朝、こちらから「おはようございます」と言っても返事がない。
患者さんが来局しても、誰も顔を上げない。
薬局見学に来た薬剤師がいるのに、スタッフが無言で通り過ぎる。
こういう薬局にいると、働いているこちらまで気持ちが重くなります。
挨拶をしない薬剤師が一人いるだけで、薬局の雰囲気は大きく変わります。
そして、挨拶がない薬局では、スタッフの離職、患者さんからの不信感、薬局見学での採用失敗が起こります。
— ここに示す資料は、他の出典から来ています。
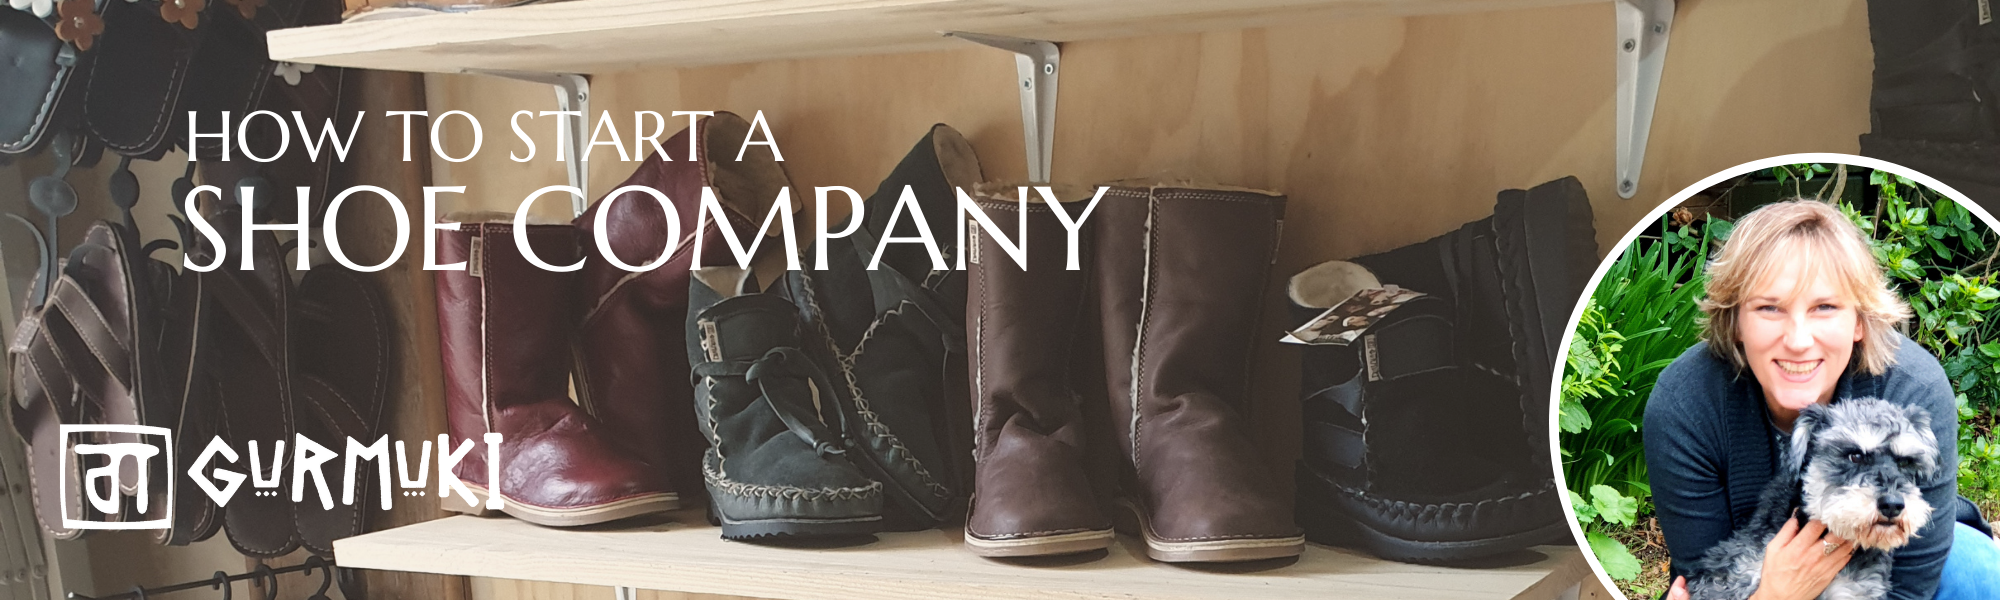 How to start a Shoe Company

私自身、管理薬剤師として採用面接や薬局見学対応に関わる中で、見学者が最初に見ているのは求人条件よりも、スタッフの表情、挨拶、声かけだと何度も感じてきました。
この記事では、挨拶しない薬剤師がいる薬局で何が起きるのかを、経営・採用・離職・患者対応の視点から整理します。
結論|挨拶しない薬剤師がいる薬局では、確認・相談・声かけが減っていく
挨拶しない薬剤師がいる薬局では、確認・相談・声かけが減っていく。
挨拶しない薬剤師がいる薬局では、最初に挨拶が減ります。次に、確認が減ります。そして最後に、相談まで減っていきます。
もちろん、忙しい時間帯にたまたま挨拶が返ってこなかっただけなら、大きな問題とは言い切れません。
問題なのは、挨拶がない状態が日常になっている薬局です。
- 朝の挨拶がない
- 患者さんが来ても声をかけない
- スタッフ同士の「お願いします」「ありがとう」が少ない
- 新人や見学者を誰も迎えない
- 忙しいときほど無言でピリピリする
この状態が続くと、薬局全体が話しかけづらい場所になります。
薬局の雰囲気そのものに悩んでいる場合は、薬局の人間関係・雰囲気を良くするための6つの方法も参考になります。本記事では、あくまで「挨拶しない薬剤師がいる薬局」の影響に絞って解説します。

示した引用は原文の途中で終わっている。